Work instructions
Pictures do not belong in the copy. Output exactly the lines from the one containing "Two Cartons, Vector" to the end of the listing below.

Data provided
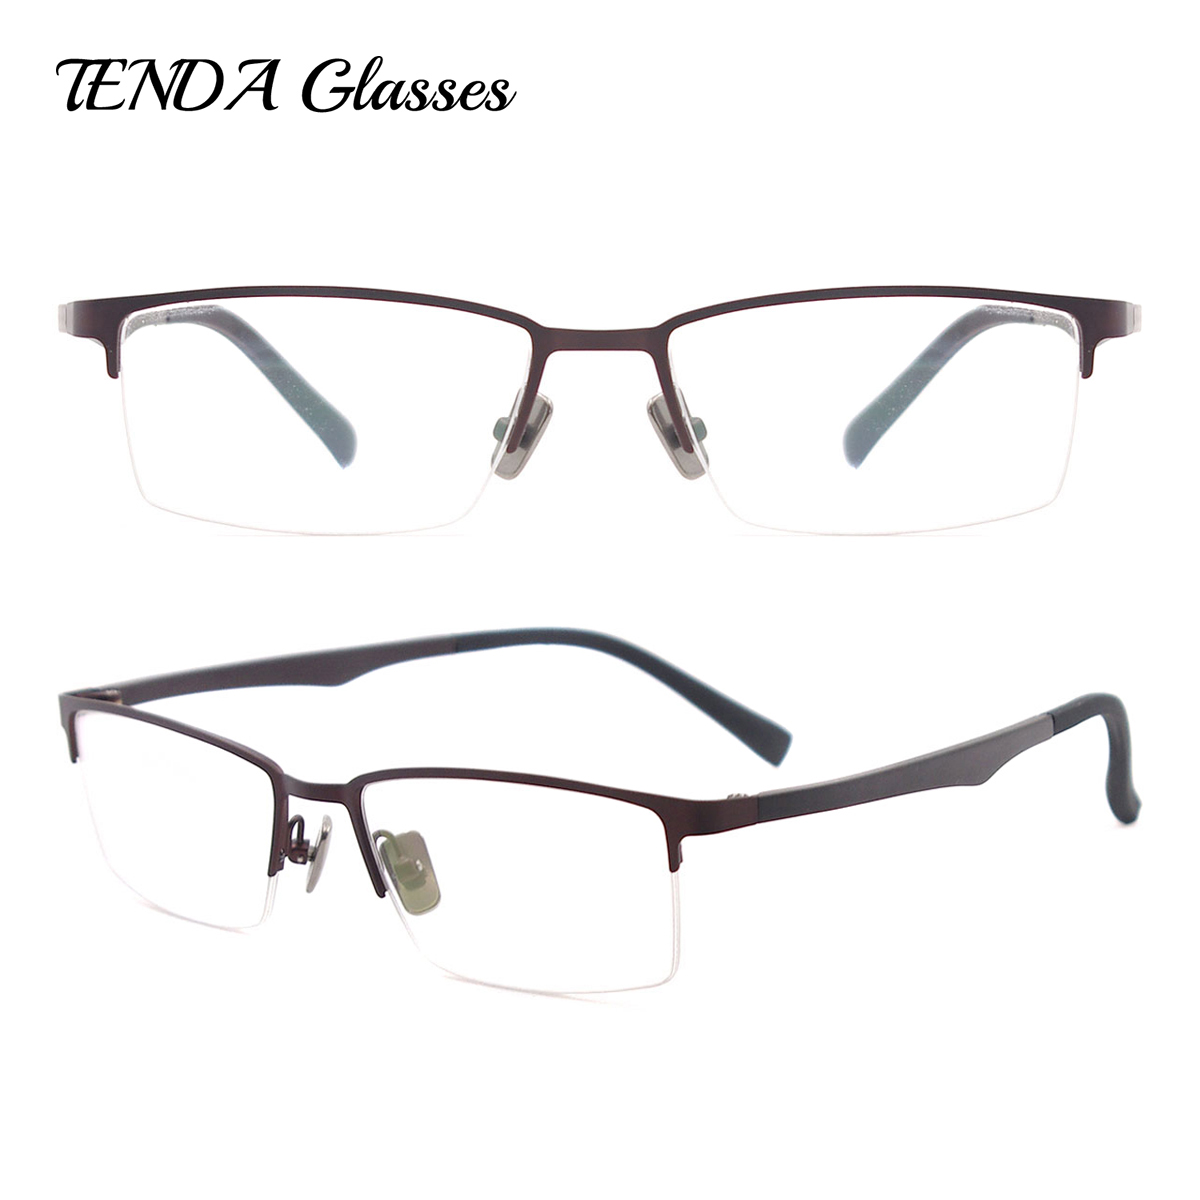 Metal Metade Rim Óculos Flexíveis Óculos Moda Miopia Homens Óculos De  Prescrição de Óculos 270bdf4330
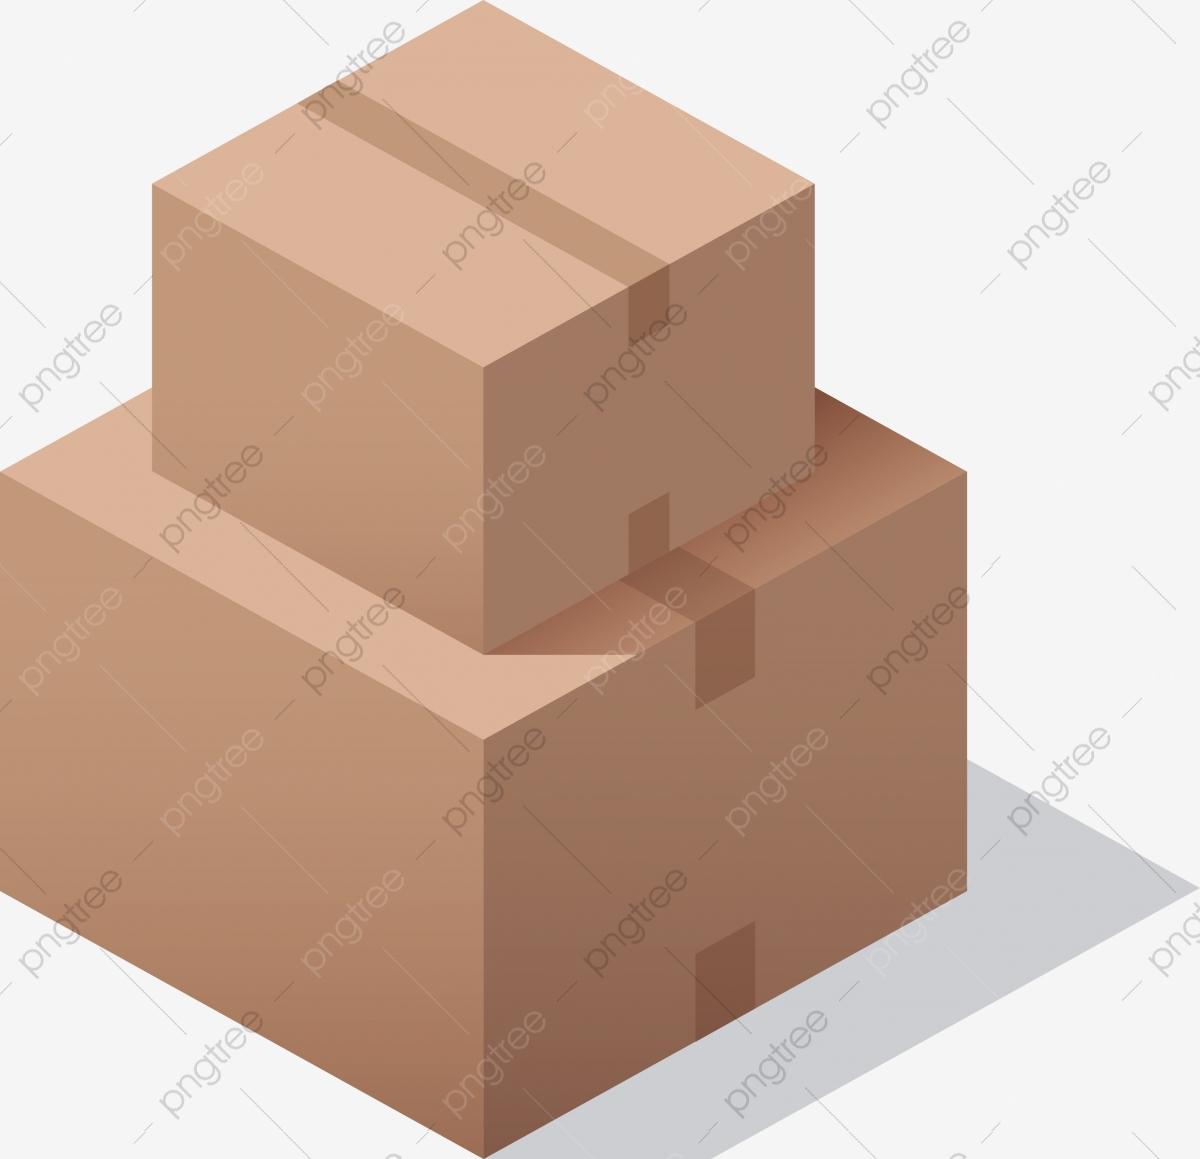 Two Cartons, Vector Png, Carton, Carton Box PNG and Vector with.
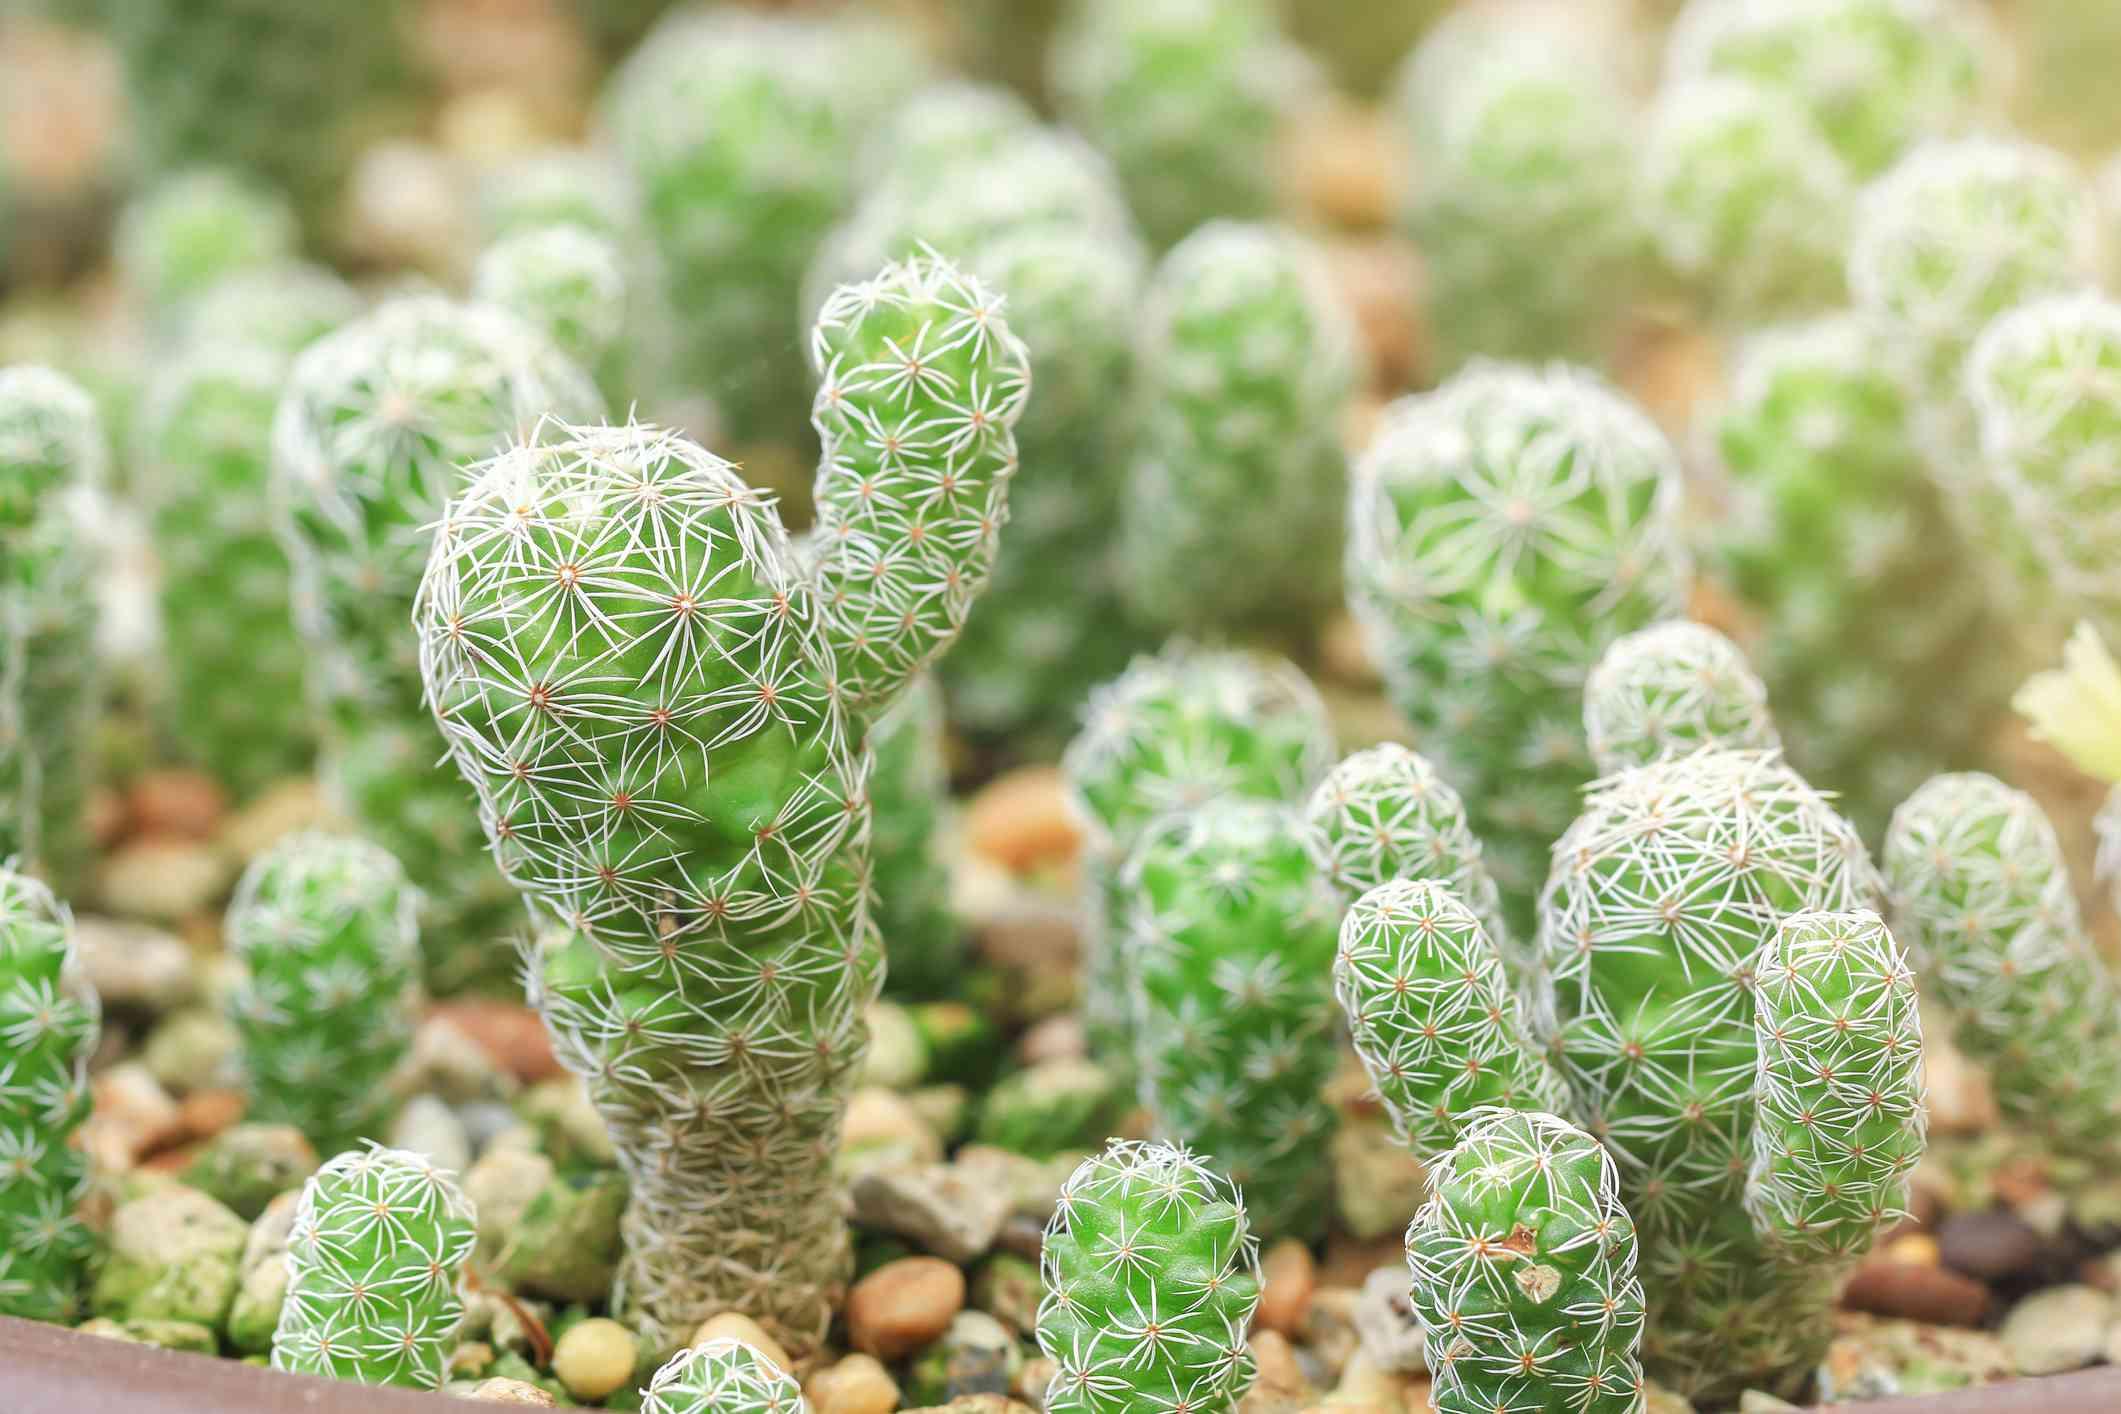 Thimble cacti in a pot

Worked solution
 Two Cartons, Vector Png, Carton, Carton Box PNG and Vector with.
 Thimble cacti in a pot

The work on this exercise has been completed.